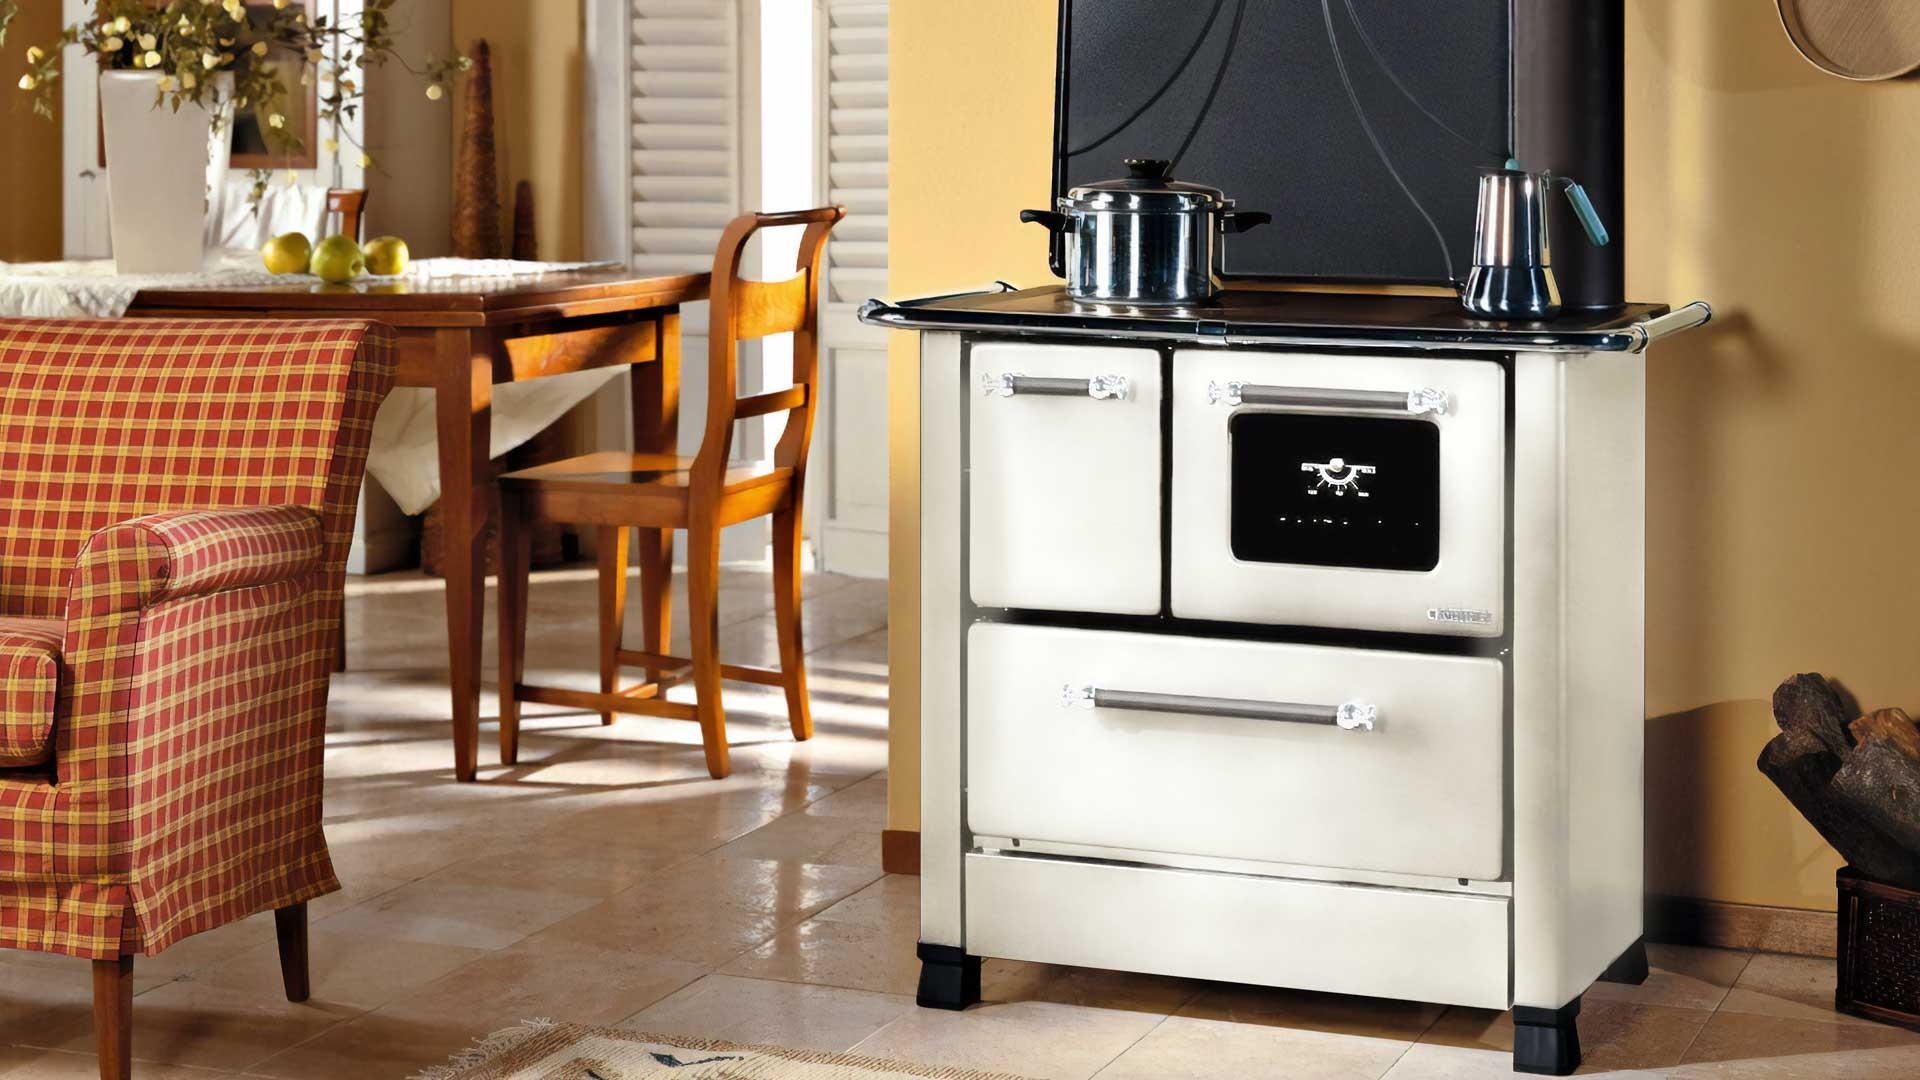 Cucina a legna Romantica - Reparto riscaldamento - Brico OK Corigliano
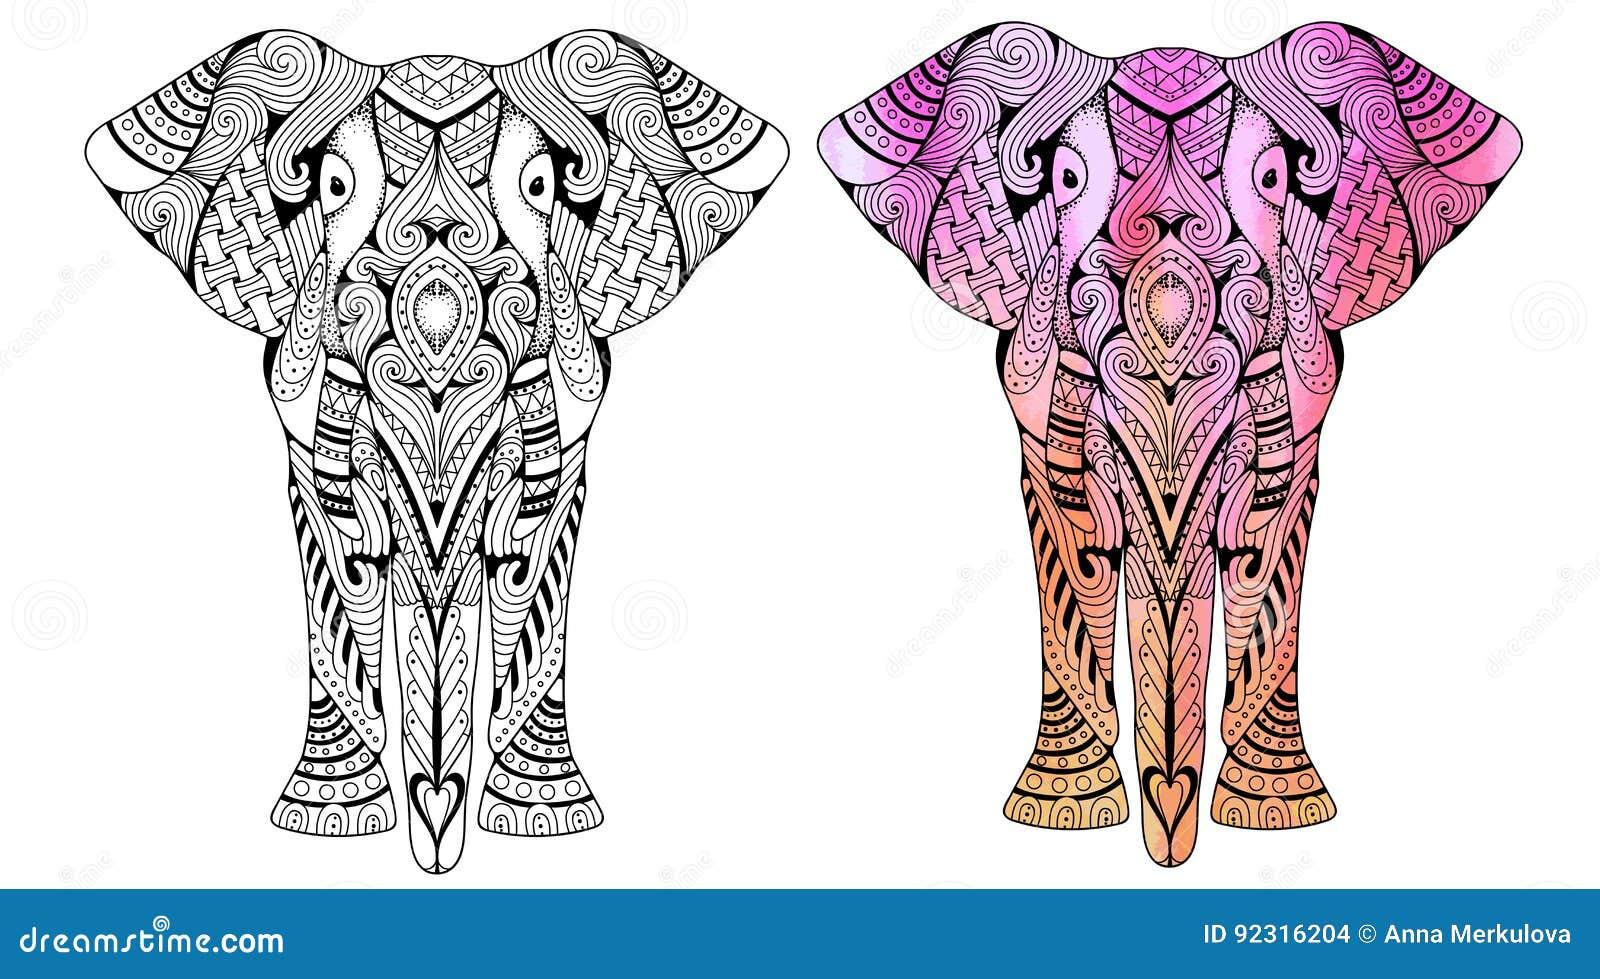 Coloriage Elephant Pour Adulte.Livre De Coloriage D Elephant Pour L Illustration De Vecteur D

━━━━━━━━━━

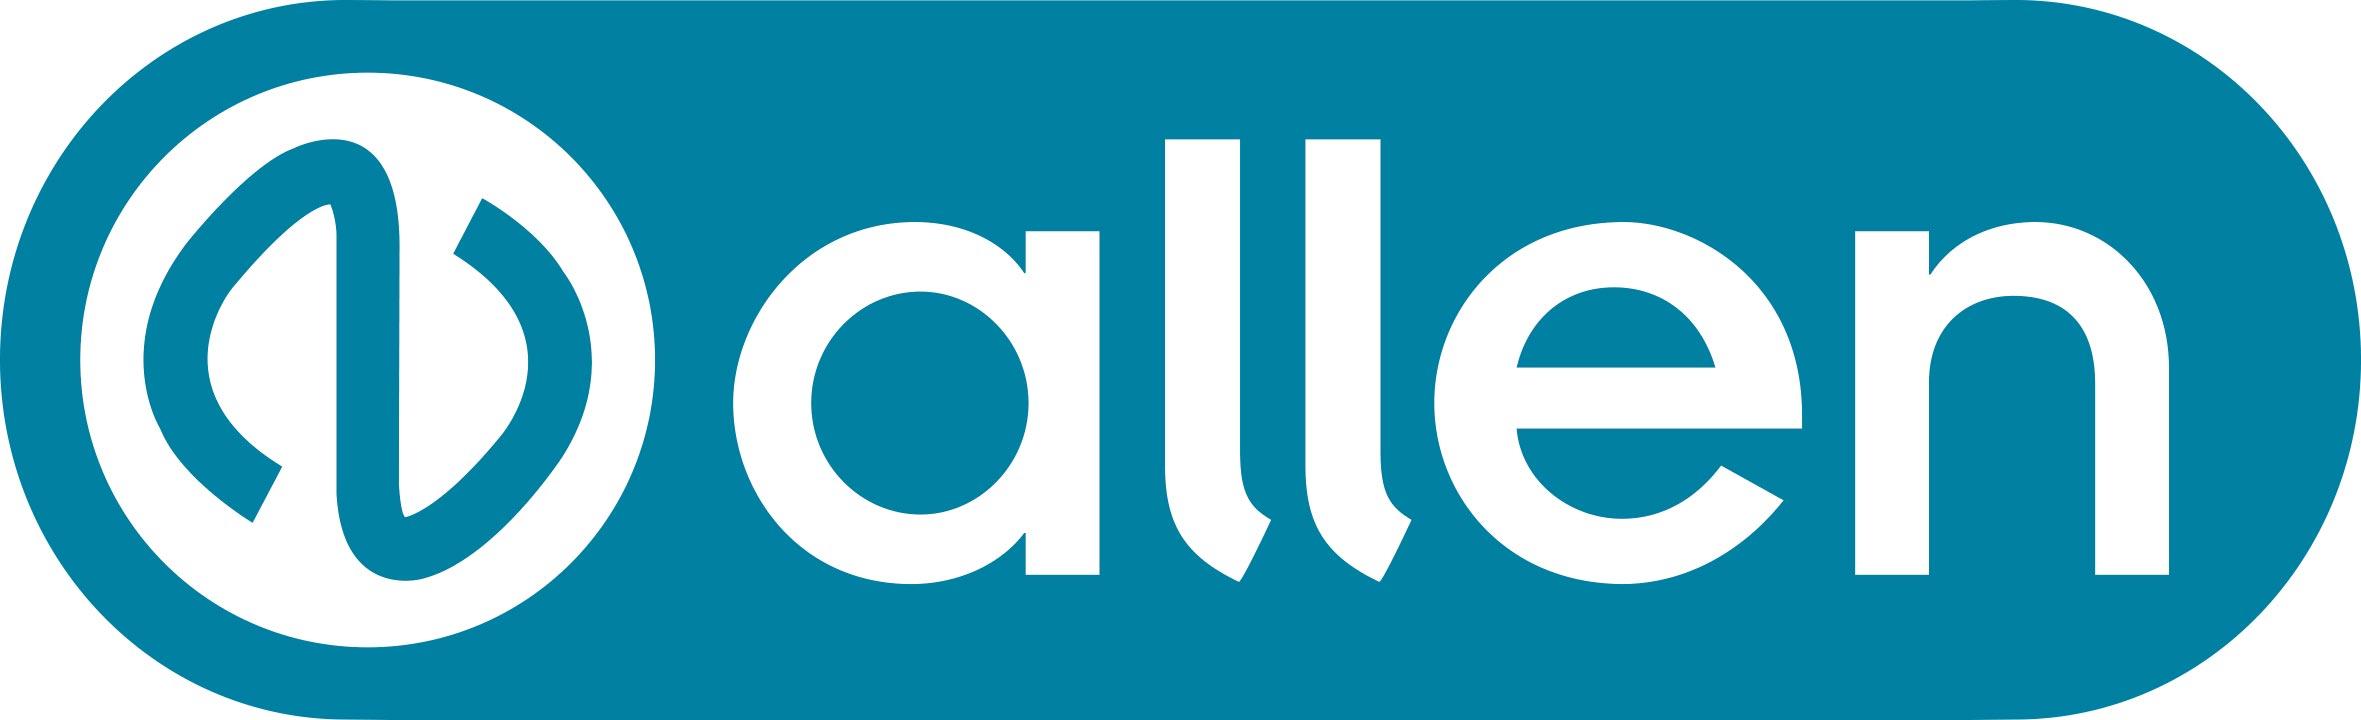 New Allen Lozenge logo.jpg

━━━━━━━━━━

**Task brief**:
For this exercise, return exactly the lines above from the line with "Cucina a legna" through the line with "Coloriage Elephant Pour", both included. Do not copy the pictures.

**Solution for this task**:
 Cucina a legna Romantica - Reparto riscaldamento - Brico OK Corigliano
 Coloriage Elephant Pour Adulte.Livre De Coloriage D Elephant Pour L Illustration De Vecteur D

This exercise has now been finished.